In subcomponents of these benchmarks, Intel has observed outliers higher than the 0-4% range. Other workloads not observed by Intel may behave differently. Intel has in turn developed software-based tools to minimize the impact on potentially affected applications and workloads. The potential performance impact of the JCC erratum mitigation arises from two different sources:
1. A switch penalty that occurs when executing in the Decoded ICache and switching over to the legacy decode pipeline.
2. Inefficiencies that occur when executing from the legacy decode pipeline that are potentially hidden by the Decoded ICache.
Intel is working to fix this problem with toolchain and software updates and worked with Phoronix to get these changes into software so they could be evaluated. The remainder of the document is taken up with discussions of how to mitigate the issue and with details on which CPU families are affected. Affected chips include Amber Lake, Cascade Lake, Coffee Lake, Kaby Lake, Kaby Lake X, Skylake, and Whiskey Lake — so basically, everything back to Skylake. CPUs prior to Skylake are not affected, even though the cache changes that give rise to this error were introduced in Sandy Bridge.
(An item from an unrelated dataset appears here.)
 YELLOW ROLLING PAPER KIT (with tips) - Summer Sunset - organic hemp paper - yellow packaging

According to Phoronix’s extensive tests, the average impact hits performance “by a couple of percent,” some of which can be recovered by compiler patches and updates to Linux that will take some time to be merged in updates and to trickle back down to users. It’s not clear what sort of timeline Windows users should expect or what performance losses look like in that operating system.
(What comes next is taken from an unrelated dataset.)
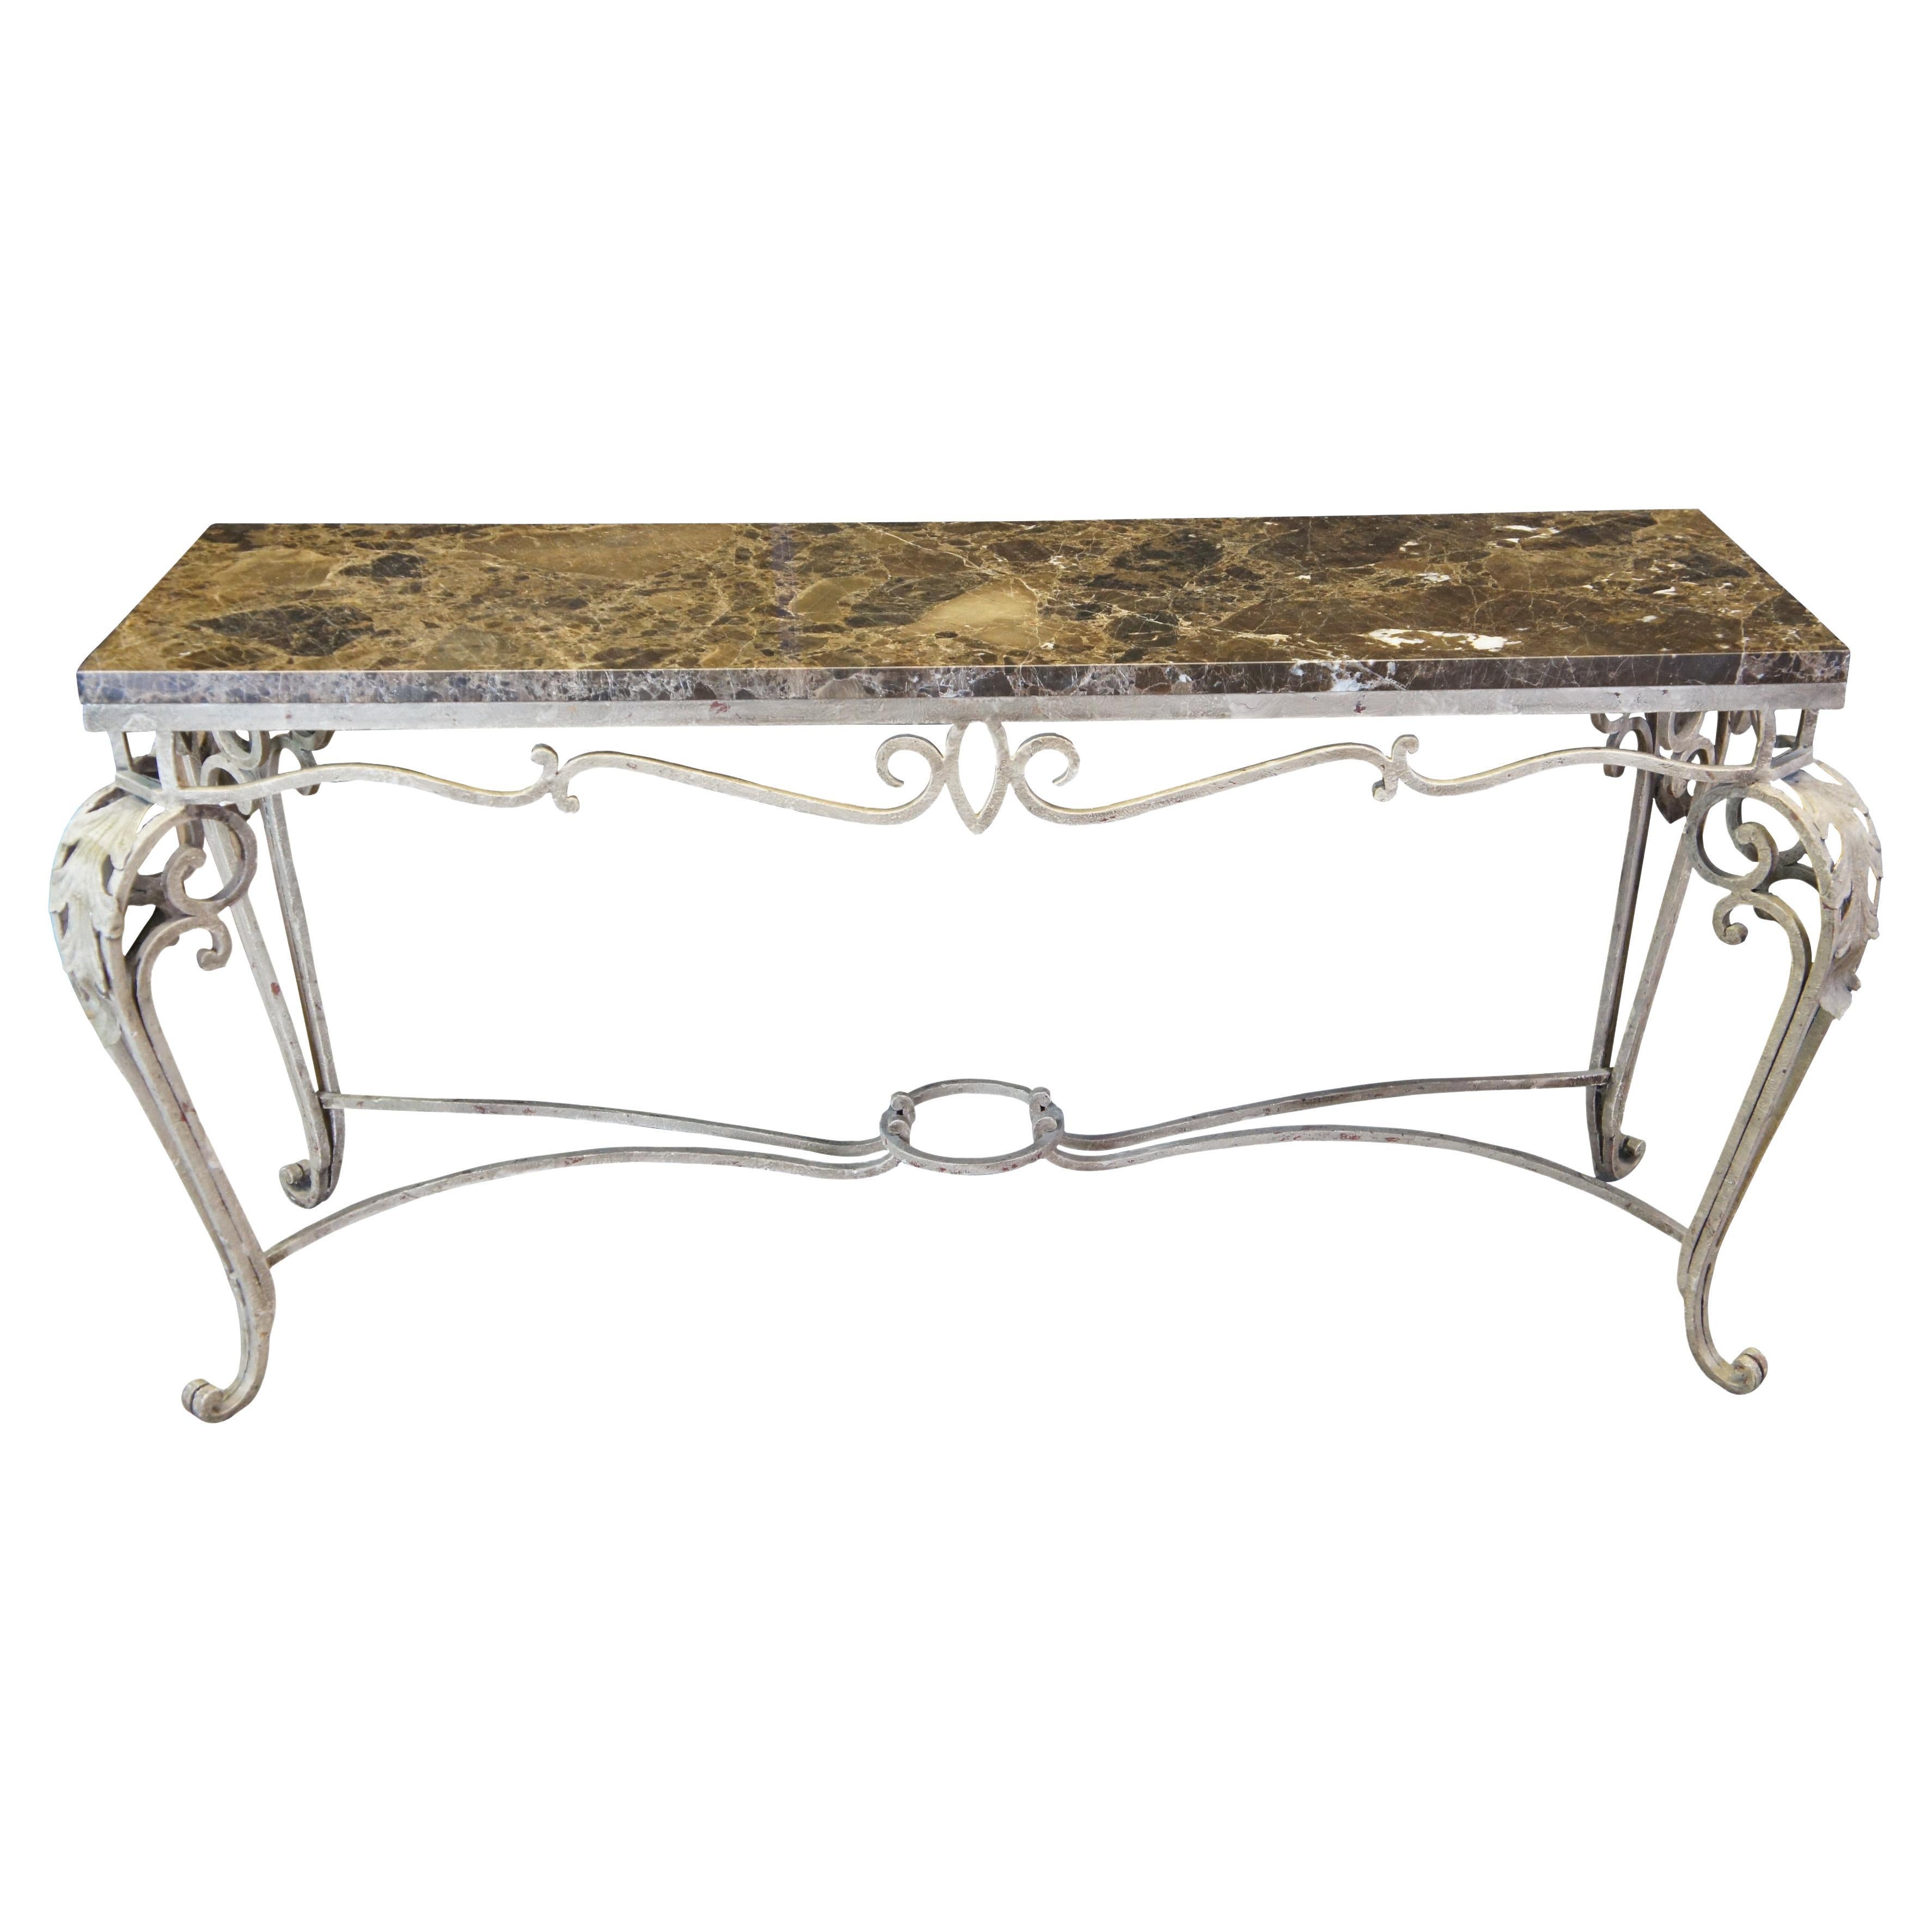 Vintage Scrolled Wrought Iron & Spanish Marble Hall Sofa Console Table 65" For Sale

This single result from Phoronix shows the broad overall pattern of a performance loss with the initial microcode update, followed by partial recovery with the new patched code. There are other application tests that exceed the 4 percent threshold that Intel identified, but these appear to be outliers. The new microcode is sometimes faster than old microcode, period, and the patches that Intel has performed clearly aren’t finalized yet; there are still some places where the new code actually hits performance harder rather than helping. The point of publishing this data now, according to Phoronix, was to illustrate that the drops may be temporary.
Ultimately, this kind of move is likely the result of Intel cleaning house and conducting security reviews of its own products, then moving to patch errata, even those that might impact perf. That’s going to frustrate users who see performance dips, and the impact of these dips can exceed the 4 percent threshold, but it’s also the right move for the company to make long-term. Hopefully, updates to software toolchains and OS support will minimize the performance impact of these changes, which, again, appear to be unrelated to any of the issues we’ve discussed with Spectre and Meltdown.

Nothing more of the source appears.